Cainvas

Insect bite identification

Credit: AITS Cainvas Community

Photo by Oliver Sin on Dribbble

There are a variety of insects around us that bite us. These bite effects can vary from itching to venom deposit. Identifying the type of insect is necessary to figure out the best possible way to treat it.

In [1]:
import numpy as np
import pandas as pd
import matplotlib.pyplot as plt
import tensorflow as tf
import random
import os
from PIL import Image
from tensorflow.keras import layers
from tensorflow.keras.optimizers import Adam
from tensorflow.keras.losses import SparseCategoricalCrossentropy
from tensorflow.keras.callbacks import EarlyStopping
import tensorflow.keras

The dataset

In [2]:
!wget -N "https://cainvas-static.s3.amazonaws.com/media/user_data/cainvas-admin/insect_bite.zip"
!unzip -qo insect_bite.zip
!rm insect_bite.zip
--2021-09-07 09:09:52--  https://cainvas-static.s3.amazonaws.com/media/user_data/cainvas-admin/insect_bite.zip
Resolving cainvas-static.s3.amazonaws.com (cainvas-static.s3.amazonaws.com)... 52.219.160.71
Connecting to cainvas-static.s3.amazonaws.com (cainvas-static.s3.amazonaws.com)|52.219.160.71|:443... connected.
HTTP request sent, awaiting response... 200 OK
Length: 1976059 (1.9M) [application/zip]
Saving to: ‘insect_bite.zip’

insect_bite.zip     100%[===================>]   1.88M  --.-KB/s    in 0.01s   

2021-09-07 09:09:52 (129 MB/s) - ‘insect_bite.zip’ saved [1976059/1976059]

In [3]:
data_dir = 'insect bite'

print("Number of samples in - ")
for f in os.listdir(data_dir + '/'):
    if os.path.isdir(data_dir + '/' + f):
        print('\n'+f.upper())
        for fx in os.listdir(data_dir + '/' + f + '/'):
            print(fx, " : ", len(os.listdir(data_dir + '/' + f +'/' + fx + '/')))
Number of samples in - 

TEST
mosquito  :  2
tick  :  2

TRAIN
mosquito  :  21
tick  :  26

VALIDATION
mosquito  :  5
tick  :  5
In [4]:
batch = 8

# The train, val and test datasets
print("Train dataset")
train_ds = tf.keras.preprocessing.image_dataset_from_directory(data_dir+'/train', batch_size=batch)

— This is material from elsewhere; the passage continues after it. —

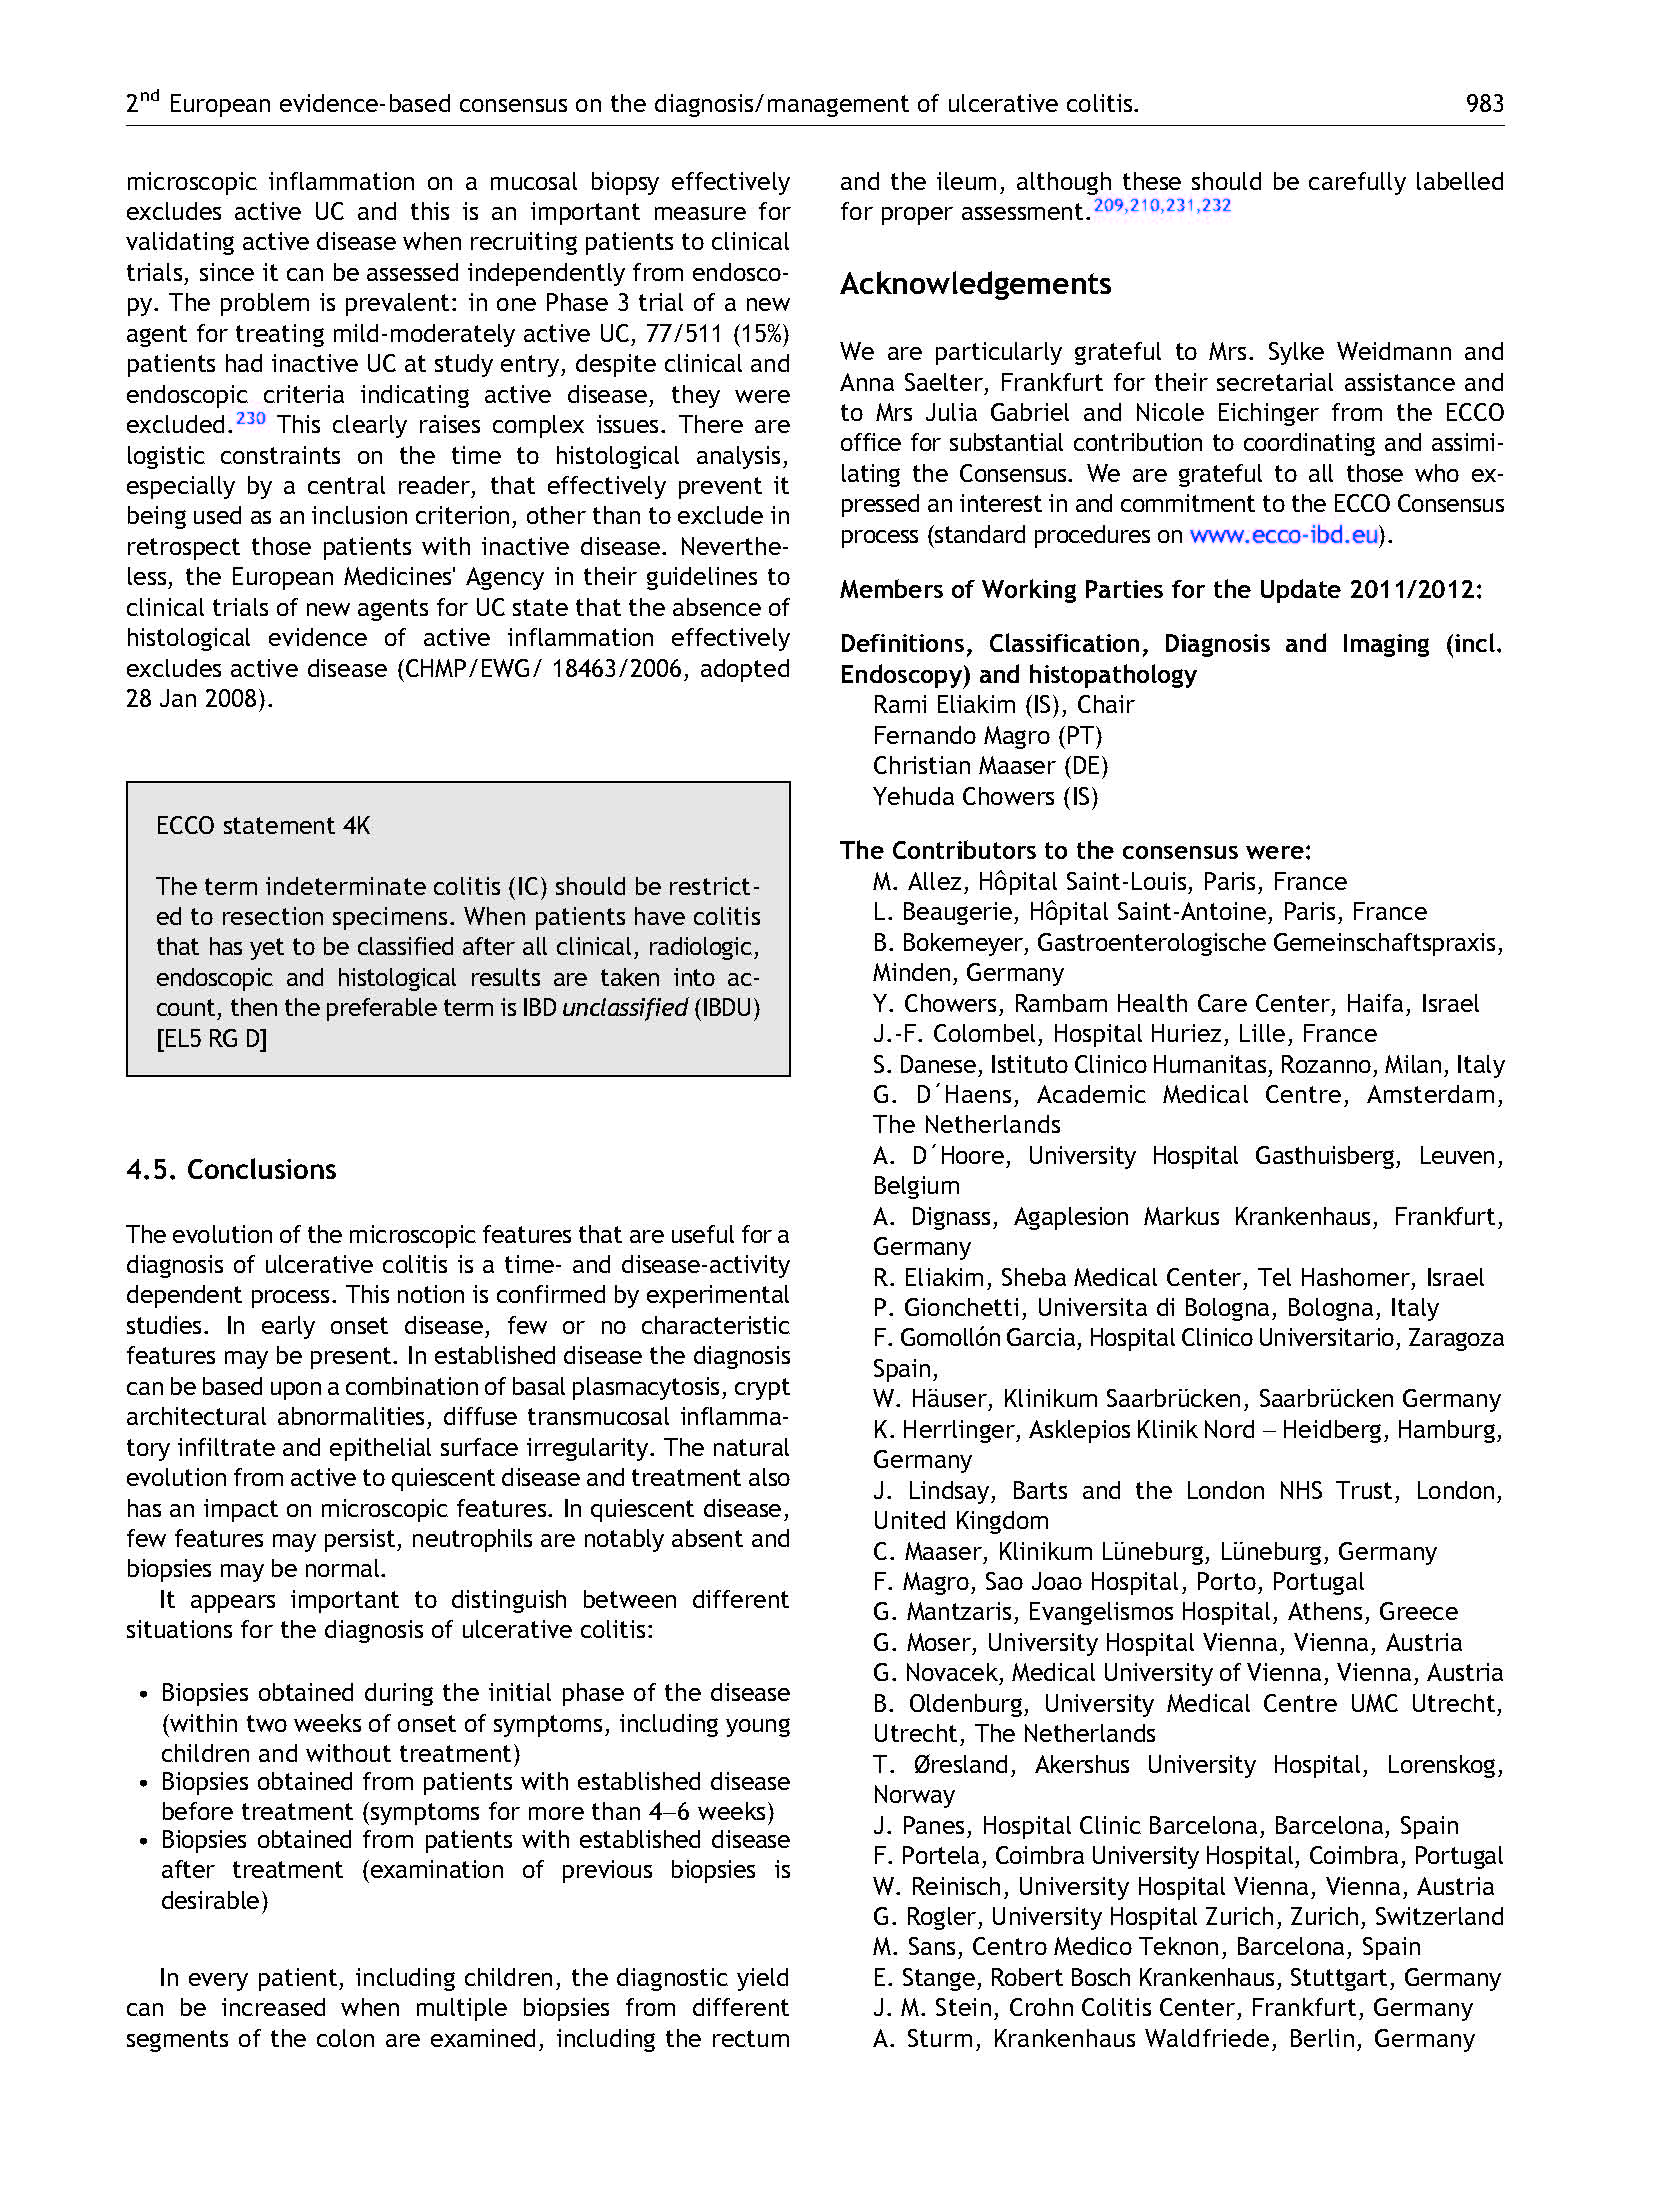 2012-ECCO第二版-欧洲询证共识:溃疡性结肠炎的诊断和处理—定义与诊断_页面_19.jpg

print("Validation dataset")
val_ds = tf.keras.preprocessing.image_dataset_from_directory(data_dir+'/validation', batch_size=batch)

print("Test dataset")
test_ds = tf.keras.preprocessing.image_dataset_from_directory(data_dir+'/test', batch_size=batch)
Train dataset
Found 47 files belonging to 2 classes.
Validation dataset
Found 10 files belonging to 2 classes.
Test dataset
Found 4 files belonging to 2 classes.
In [5]:
# Looking into the class names

class_names = train_ds.class_names
print(class_names)
['mosquito', 'tick']

Visualization

In [6]:
num_samples = 3    # the number of samples to be displayed in each class

for x in class_names:
    plt.figure(figsize=(10, 10))

    filenames = os.listdir(data_dir + '/train/' + x)

    for i in range(num_samples):
        ax = plt.subplot(1, num_samples, i + 1)
        img = Image.open(data_dir + '/train/' + x + '/' + filenames[i])
        plt.imshow(img)
        plt.title(x)
        plt.axis("off")

Preprocessing

In [7]:
# Looking into the shape of the batches and individual samples
# Set the input shape

print("Looking into the shape of images and labels in one batch\n")  

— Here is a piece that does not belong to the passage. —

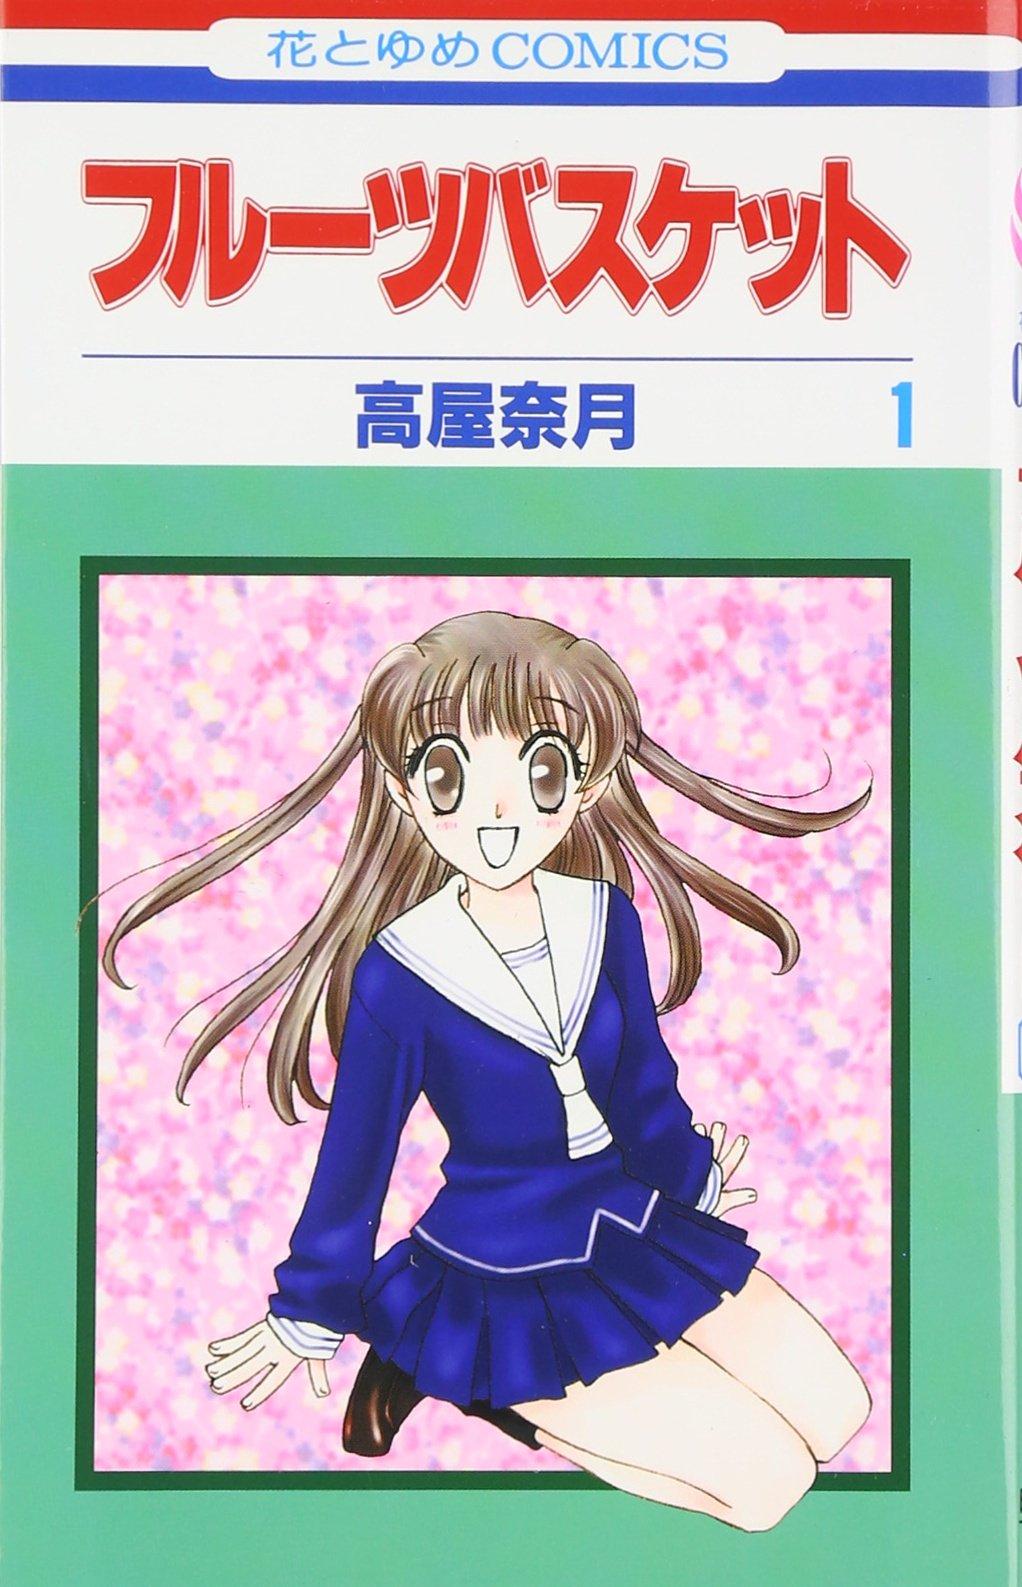 Fruits basket volume 1 japanese edition natsuki takaya 9784592171614 amazon com books

for image_batch, labels_batch in train_ds:
    input_shape = image_batch[0].shape
    print("Shape of images input for one batch: ", image_batch.shape)
    print("Shape of images labels for one batch: ", labels_batch.shape)
    break
Looking into the shape of images and labels in one batch

Shape of images input for one batch:  (8, 256, 256, 3)
Shape of images labels for one batch:  (8,)
In [8]:
# Normalizing the pixel values

normalization_layer = layers.experimental.preprocessing.Rescaling(1./255)

train_ds = train_ds.map(lambda x, y: (normalization_layer(x), y))
val_ds = val_ds.map(lambda x, y: (normalization_layer(x), y))
test_ds = test_ds.map(lambda x, y: (normalization_layer(x), y))
In [9]:
# Augmenting images in the train set to increase dataset size

data_augmentation = tf.keras.Sequential(
    [
        layers.experimental.preprocessing.RandomFlip("horizontal_and_vertical"),    # Flip along both axes
        layers.experimental.preprocessing.RandomZoom(0.1),    # Randomly zoom images in dataset
        layers.experimental.preprocessing.RandomRotation((-0.1, 0.1))
    ])


print("Train size (number of batches) before augmentation: ", len(train_ds))

# Apply only to train set    
aug_ds = train_ds.map(lambda x, y: (data_augmentation(x, training=True), y))

print("Size (number of batches) of augmented dataset: ", len(aug_ds))

#Adding to train_ds
train_ds = train_ds.concatenate(aug_ds)

print("Train size (number of batches) after augmentation: ", len(train_ds))
Train size (number of batches) before augmentation:  6
Size (number of batches) of augmented dataset:  6
Train size (number of batches) after augmentation:  12

The model

In [10]:
base_model = tensorflow.keras.applications.VGG16(weights='imagenet', input_shape=input_shape, include_top=False)    # False, do not include the classification layer of the model

base_model.trainable = False

inputs = tensorflow.keras.Input(shape=input_shape)

x = base_model(inputs, training=False)
x = tensorflow.keras.layers.GlobalAveragePooling2D()(x)
outputs = tensorflow.keras.layers.Dense(len(class_names), activation = 'softmax')(x)    # Add own classififcation layer

model = tensorflow.keras.Model(inputs, outputs)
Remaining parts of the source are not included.